Well, now we all will know the real competence of Indian democracy hogwash. People, and especially media from this part of the world look at Bombay, Bangalore and come up with fascinating folklores about the rise of the Indian economy. 250 million Indian defecate on train tracks and riverbeds. 450 million are poor, more than in all Africa combined. Delusional country this is, for fancying being a power of any sort...

xxx hardcore

Is anyone really surprised? Anyone who has called a customer service person in India knows of the Indian work ethic....

Also, I should note here that these games are truly a disgrace for the common Wealth games. The games are supposed to represent the best in humanity. But in fact, India is using child labor to build much of the stadiums. Young children are working in dangerous jobs, just so that the rich can show off about their country.

http://www.foreignpolicy.com/articles/2010/02/05/bricks_for_bread_and_mi...

But as they say, you can only hide so much. India has done its best to hide it malnutrition problem, racism, and poverty from the rest of the world, and has tried its best to make india look like a superpower with moronic phrases like 'india shining' (which most of the rich indians believe!)

Personally, I'm a bit curious to see how much of a failure it will be.

I'm also curious as to why so few indians are commenting here. Must be too embarrassed, hehe.

fedupguy

Well, It's India!
he he he he.........
What else is to be expected?-
Presently living in India - paying a high rent (the whole lot 1 year in advance) for a upper middle class Apartment.... Now it's monsoon time: when it rains outside...., it also rains inside! - considering that I have six storeys above my apartment.... - so far for shoddiness! (and the necessary frustration to get it properly fixed....)-

Dr Jake C

The signs of graft are there for all to see...already a gigantic luxury toilet rises up in defence colony with air conditioning,oaintings on the wall... the stadia are leaking...connaught circus has become exactly that...a circus..
I guess i must agree with mani shankar aiyar when he said that he hoped the games wouldn't work out...atleast then there would be public pressure to arrest and prosecute a whole cohort of guilty officials

BankingITGuru

Long live Congress ! Known for corruption and building the 'party fund' the whole mess is a legacy of Congress. Precisely how India has perenially under achieved thanks to majority rule of Post Independent India by Congress party.

Mr. Kalmadi, a congress placement, after the allegations says he will resign if Singh or Sonia ask him to leave. Congress says he is not a congress placement / representative. I like this ability to distance onself from own responsibility and preach good actions as a 'third party'. Our dutiful press takes 'notes' from what the govt wants and publishes it.
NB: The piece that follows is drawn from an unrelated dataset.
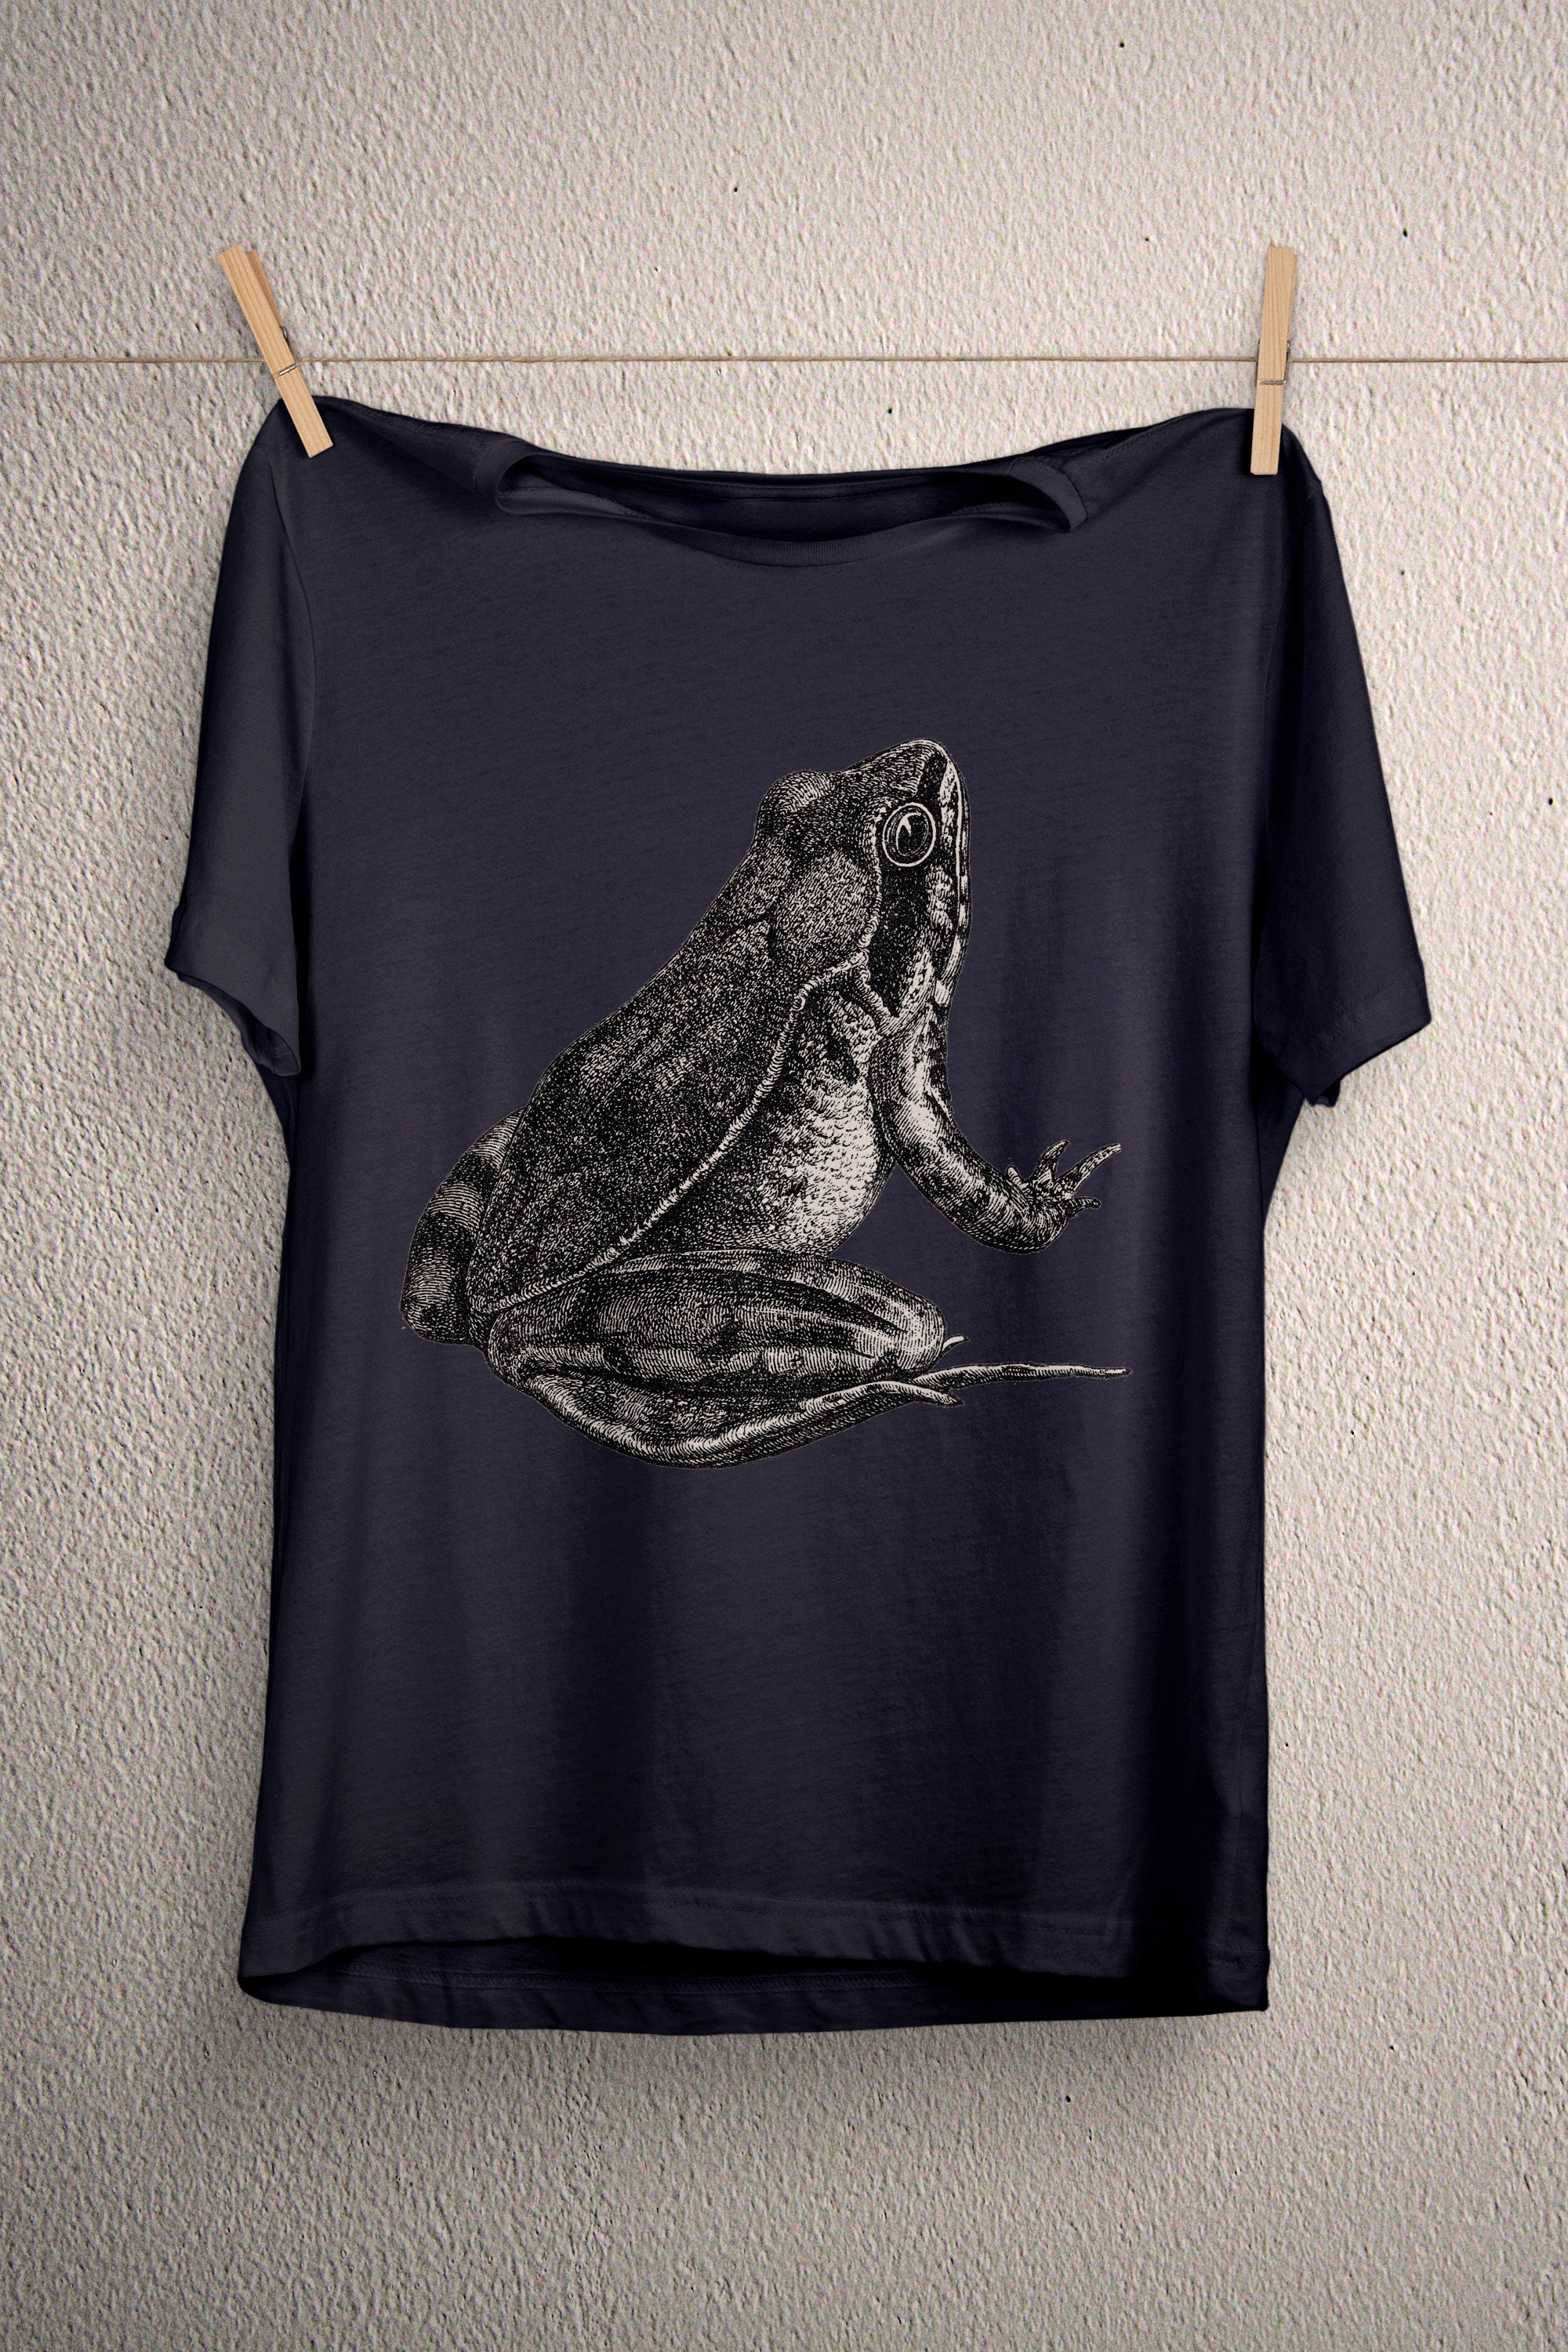 Discover Toad frog t-shirt, animal lover shirt, creepy cute witch clothes, pagan satanic clothing, pastel goth Aesthetic, witchcraft wicca shirt tee

I wonder where is the 'youth' icon Rahul ghandy (not Gandhi) coming to the rescue of CWG. sports are meant to be for the 'young'. Rahul and all the 2nd gen Congress 'kids' are Absent. No prior experience is a good thing in India. You cannot be judged / evaluated.

The foul mouthed, bad mannered Manish Tiwari is often out to 'tangle' the view of public and he has carefully managed to hold Congress 'out of all this' by creating a web of illusory metaphors, facts and stories. He even has the cheeck to blame 'BJP' for winning the CWG bid. COngress party ruled India and Delhi for the last 7 years (since bid was won) and they can get away with it. Poor Ravishankar prasad and other BJP reps dont have a straight face to hold fort in face of such attach from likes of Tiwari. No need to mention the 'support' lead TV presenters Rajdeep (CNNIBN), Barkha (NDTV), Times now(Arnab) accord to Congress spokespersons. If the Umpire is your game is yours. In the next government Manish tiwari will get a good cabinet portfolio or a governorship (a great reward mechanism for Congress loyalists) like Kapil Sibal who did a gr8 job defending congress between 2006-2009.

I still believe the games will be a success. Knowing congress they will have a 'ace' up their sleeve to hire a world class builder / contractor to ensure 'completion' at high rates. A software engineer once told me the 'inverse keynesian model to get promotions'. First, do a bad job (useless code etc), let the fire begin and then douse it ..Make a mess, clean it and become a hero). How about lalit modi ? Atleast he gave good games. Congress will chuckle.

Congress has carefully played a 'portfolio of goof-ups strategy' on straight forward opposition. They let loose multiple good-ups - CWG, Kahsmir, Dow / Bhopal, Pakistan 'diplomacy', Food rotting in open, price rise, Naxals, Sohrabuddin encounter, Train tragedies' . Poor opposition cannot decide which one to fight. SO they fight one on each day never to reach conclusion or corner the govt.

In all this it is the Congress party that is the beneficary. Another Independence day, against the backdrop of all this, makes me wonder would it have been better if British continued to rule India ? (This is not e emotional statement, my dear fellow countrymen see the sense , not the english in this post). I am happy the Queen is not coming.

K Stephen

But just last month India opened to the public T3 which was completed in a record 37 months at a cost of Rs 12700 crores.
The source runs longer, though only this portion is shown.